In the last section, I introduced the basic concepts behind quadrature by expansion, put together a simple implementation, demonstrated that it works well and then finished by demonstrating tectosaur2.integrate_term as a more robust and complete implementation. This time, we’ll use integrate_term to make some pretty pictures that might have some physical meaning.

• We’ll introduce the connection between 2D “antiplane” elasticity and the Laplace equation

• We’ll look at generic handling of symbolic parametrized surfaces.

• I’ll introduce barycentric Lagrange interpolation as one of our core numerical tools.

• The hypersingular integral will provide stress

## 2.2. Antiplane shear¶

A basic result in linear elastic earthquake modeling is the representation of displacement from slip on an infinitely long strike-slip fault.
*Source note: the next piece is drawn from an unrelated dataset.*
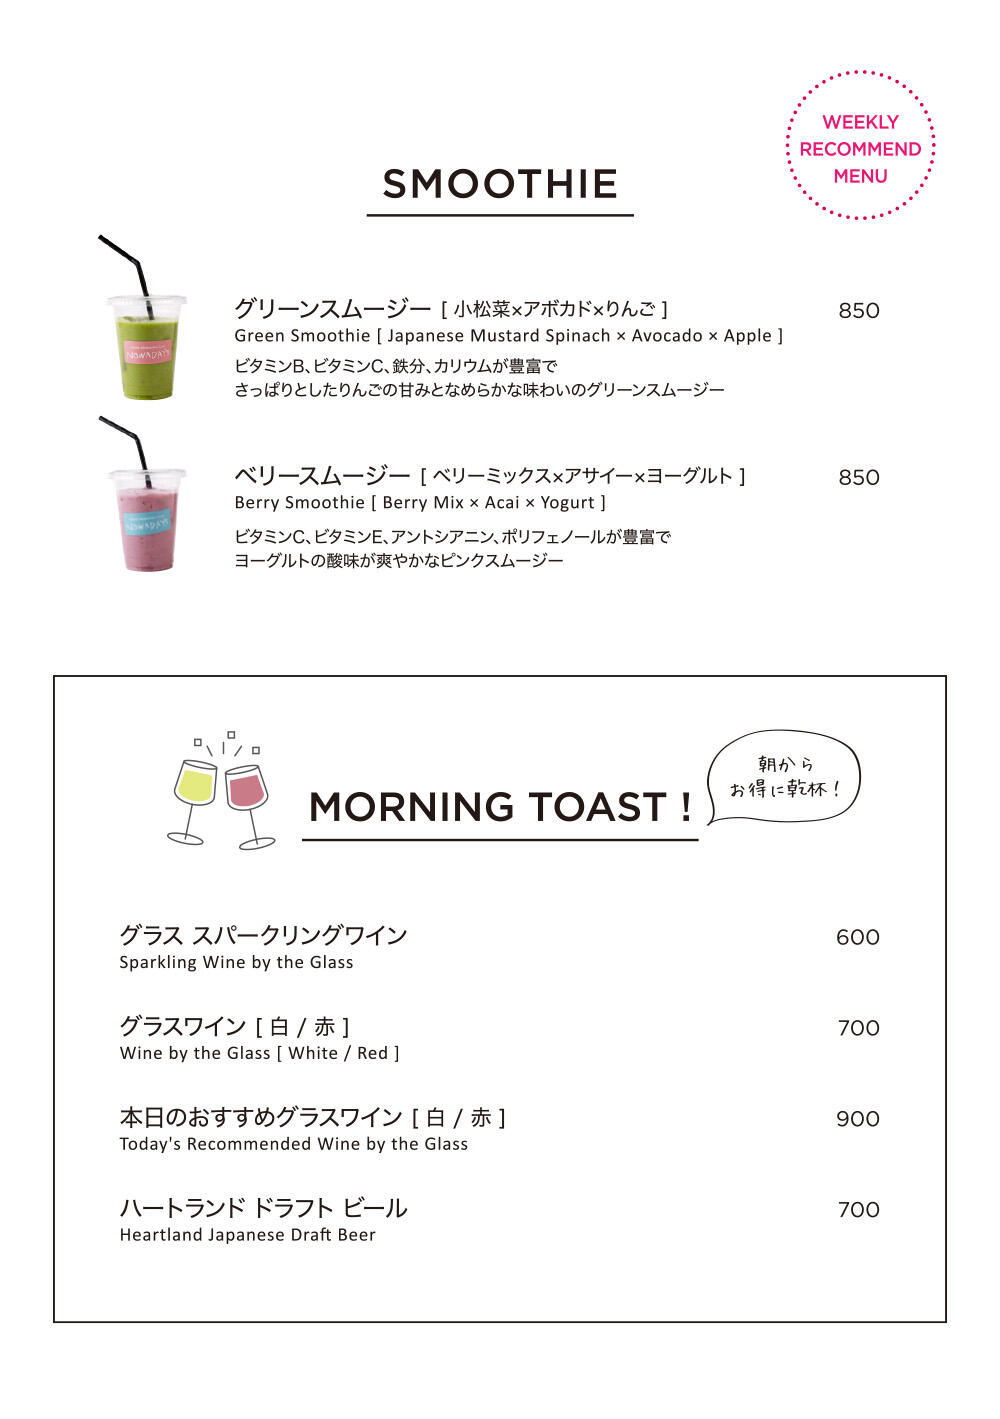 gmcd_2403_morning_toast.jpg

Because the fault is infinitely long, all displacements is fault parallel. Suppose we’re looking at a cross-section in the $$x,y$$ plane with all displacement occuring in the $$z$$ direction. Then the displacement vector is $$\mathbf{u} = (0, 0, u_z)$$. And the strain state is:

(2.1)$$$\boldsymbol{\varepsilon} = \begin{bmatrix} 0 & 0 & \epsilon_{13} \\ 0 & 0 & \epsilon_{23}\\ \epsilon_{13} & \epsilon_{23} & 0\end{bmatrix}$$$

This special state is called “antiplane shear”. We can simplify the equations of linear elasticity to be in terms of a vector strain, $$\epsilon_z = (\epsilon_{xz}, \epsilon_{yz})$$ and vector stress, $$\sigma_z = (2\mu\epsilon_{xz}, 2\mu\epsilon_{yz})$$. Combined with Newtons law, we get the result that $$u_z$$ is a solution to the Laplace equation:

(2.2)$$$\nabla^2 u_z = 0$$$

As a result, we can describe the elastic behavior of infinitely long strike-slip faults (aka a “screw dislocation”) in terms of solutions to the Laplace equation.
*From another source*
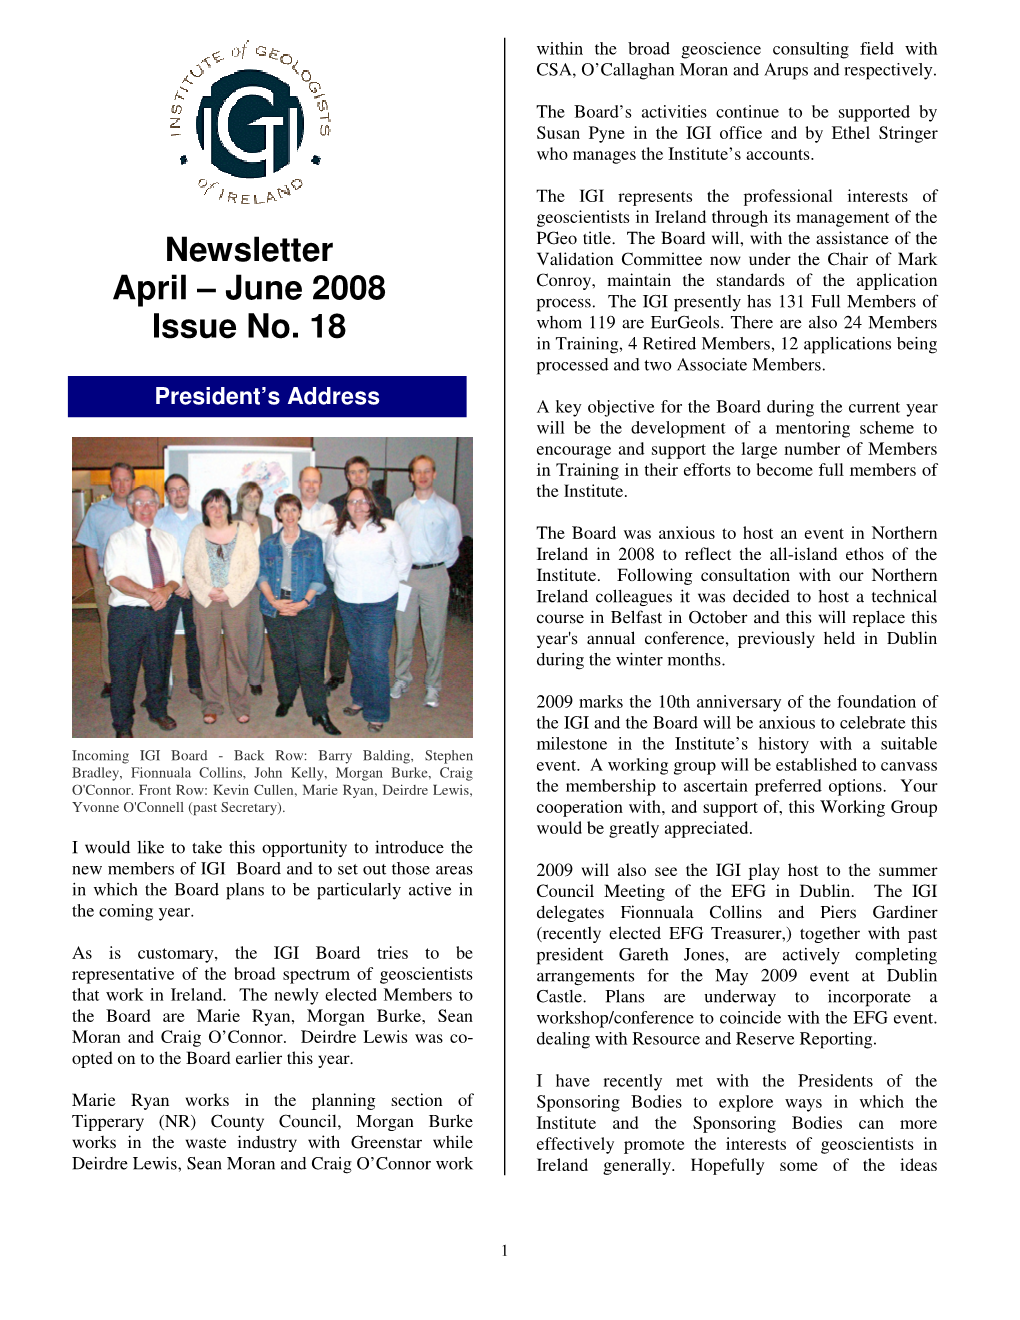 Newsletter April – June 2008 Issue

Below, we’re going to use QBX to compute the displacements and stresses resulting from slip on infinitely long strike-slip faults with fun shapes. In particular, the “double layer” integral we computed in part 1 will compute displacement in the volume from the input slip on the fault. We’ll also introduce the “hypersingular” integral to calculate stresses from slip.

import warnings
import numpy as np
import matplotlib.pyplot as plt


There are three missing pieces before we’re ready to compute displacements and stresses from arbitrarily shaped faults:

1. A mechanism for defining the fault mesh. We’re going to introduce some tools for creating a boundary mesh from a symbolically parameterized curve.

2. Tools for interpolating on that fault mesh. This is actually entirely hidden inside the functions we’re using but it’s still nice to introduce since it’s conceptually very important.

3. The hypersingular integral for computing stresses given fault slip. Previously, we’ve computed displacement given fault slip using the double layer potential. By analytically differentiating the double layer kernel, we can derive a new integral that computes stress!

## 2.3. Meshing a symbolic surface¶

In the last section, we integrated over a circle. Circles are simple so we didn’t need much in the way of mesh handling code! But now, we’re going to need a little bit more. In particular, it will be nice to separate our surface into several “panels”. Panels are analogous to elements in a finite element method but make it clear that we’re talking about a surface discretization and not a volumetric discretization.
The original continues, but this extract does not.